The Nanaimo Recycling Exchange will be closing, either temporarily or permanently.
Ben Geselbracht, vice-chairman of the non-profit NRE, said although a timeline hasn’t been finalized, “there’s no available options to avoid a discontinuation of service.”
Representatives from the recycling exchange went before the City of Nanaimo’s committee of the whole on Monday to ask for $6.05 million to build a facility at a lot on Kenworth Road, but city councillors said they couldn’t make that decision without a business plan from the NRE and asked staff to look into funding options.
Faced with an expiring lease and an obligation to demolish the structures at the current Kenworth Road location, the NRE needs to move toward site closure, said Jan Hastings, executive director, at Monday’s meeting.
Geselbracht said the NRE has “no alternative available at the moment for a quick solution” and is progressing with plans for closure.
“Once those gates shut, there’s going to be a hue and cry … everybody that I know goes to the NRE to recycle and it’s going to be a shock when that place is closed,” Geselbracht said, adding that he hopes the shutdown will be temporary.
story continues below
Web poll: What happens when the NRE closes? https://t.co/7NR4gP1pQe
— Nanaimo Bulletin (@NanaimoBulletin) March 16, 2018
He was asked whether the NRE should have brought a business plan when it approached the city, and replied that it was hoped that councillors would have been informed by a recent Regional District of Nanaimo process studying a facility plan.
“On our end, we’re kind of like, well, we’ve been doing this for 25 years. We’ve got 800-1,500 cars a day coming through and we’ve been processing all this material for the last long while. We’re solid,” he said.
Geselbracht added that the NRE has basically been operating as best it can with the resources it’s had.
“I think on the whole, there’s been an under-valuing of the service being provided and so there’s always been a scarcity and a shortfall…” he said. “The NRE has been enabling the city and the district to not deal with this issue and put money towards it, because we’ve been tackling it up to this point. I think everybody just needs to realize that it costs money, and other districts that are taking leadership and moving forward on dealing with non-curbside recyclables are fully publicly funding one-stop-drop zero-waste recycling centres.”
The RDN recently announced preliminary support for $300,000 annual funding to the NRE for five years. A city staff report from September 2017 shows that the city provides $77,400 per year to the NRE – reported to cover eight per cent of the non-profit’s operating costs. The city also provides a permissive tax exemption to the NRE valued at $16,000. According to a city report, the NRE’s contract with the RDN to haul yard waste to Nanaimo Organic Waste brings a surplus of $45,000 for the NRE to offset other recycling operations.
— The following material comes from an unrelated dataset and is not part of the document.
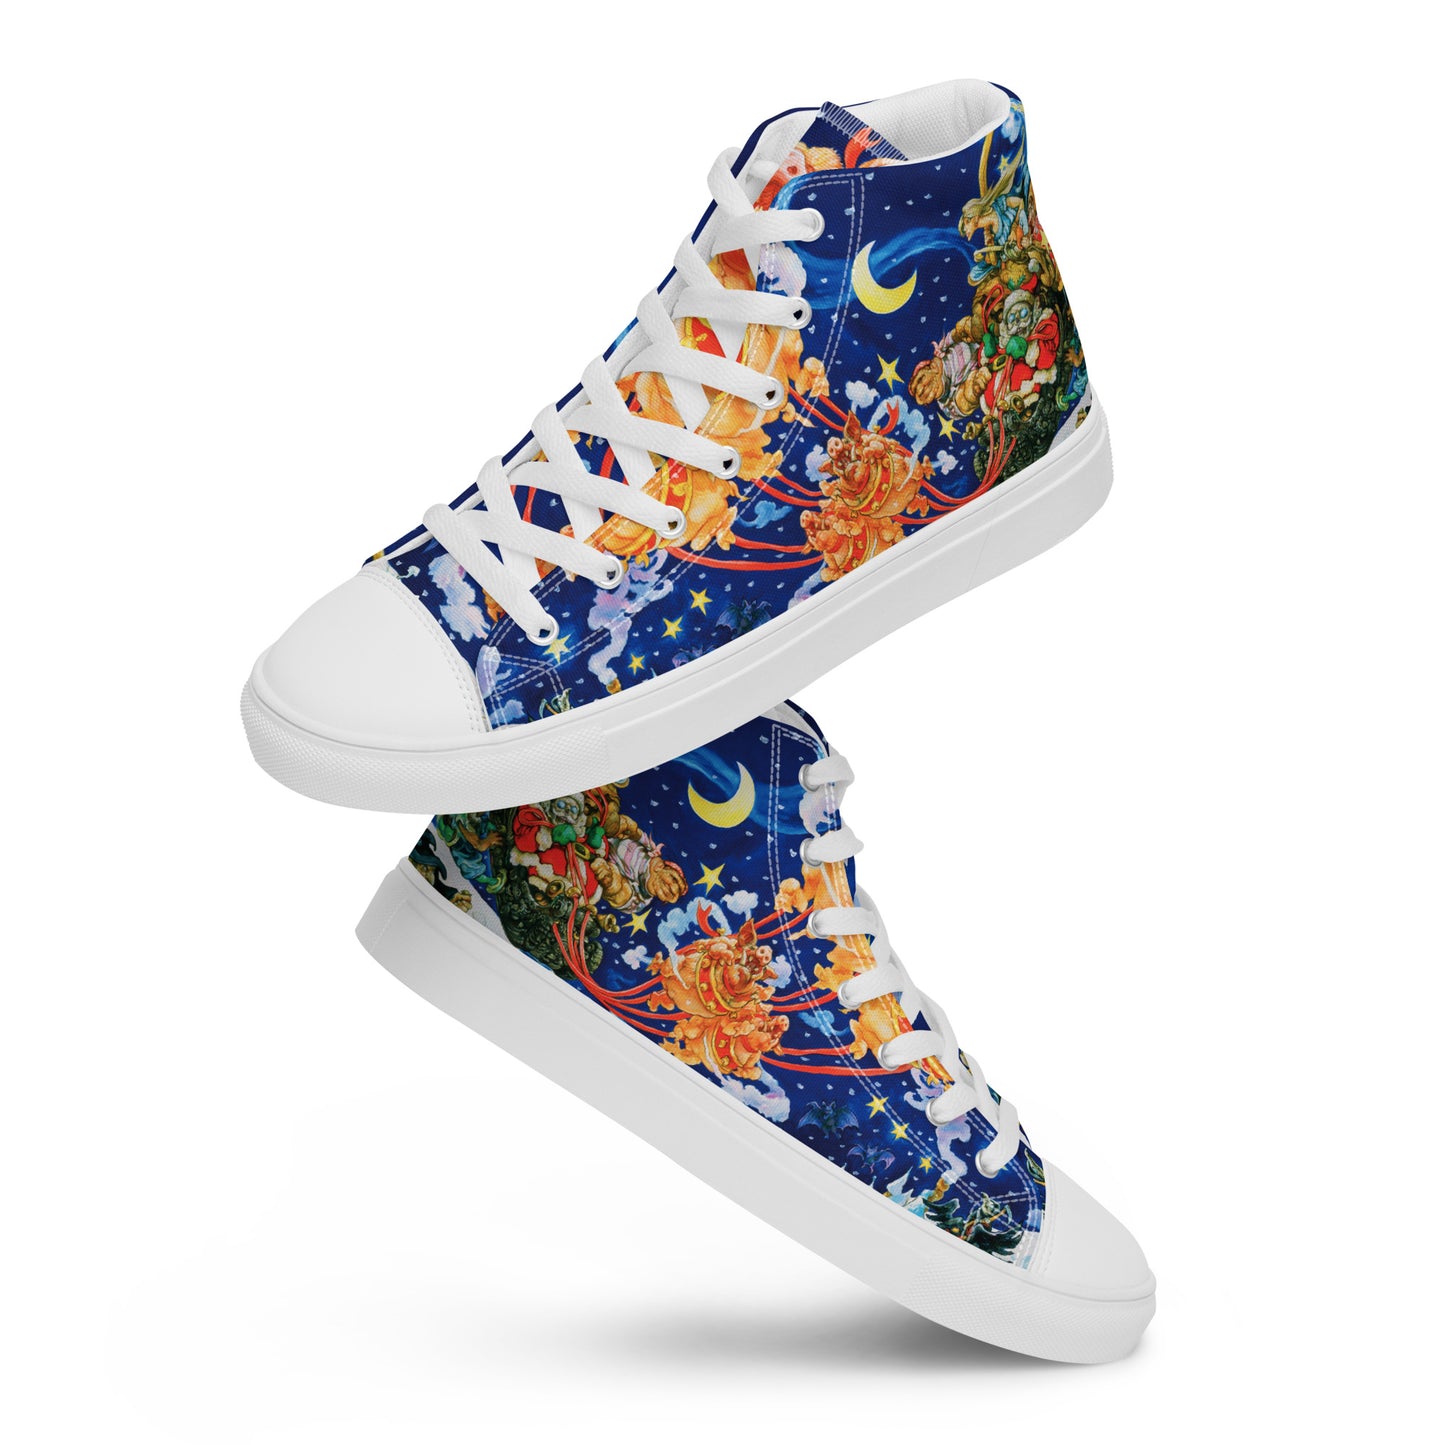 Men’s Hogfather High Top Canvas Shoes - Free Shipping *US SIZES SHOWN! USE CHART!

Geselbracht said it’s inevitable that the City of Nanaimo will need some sort of recycling facility to work toward zero waste, and wondered what it would cost for the city to start a project like that from scratch, compared to working with a willing partner now in the NRE.
He agreed that there need to be discussions about operations and costs, and that those discussions should happen before the city agrees to provide $6.05 million.
“There seems to be support from council to get to the bottom of this and solve it,” Geselbracht said. “So we’re hoping that everybody can collaborate and really figure out what is the full cost of setting this up and especially, what’s the full cost of not doing this now?”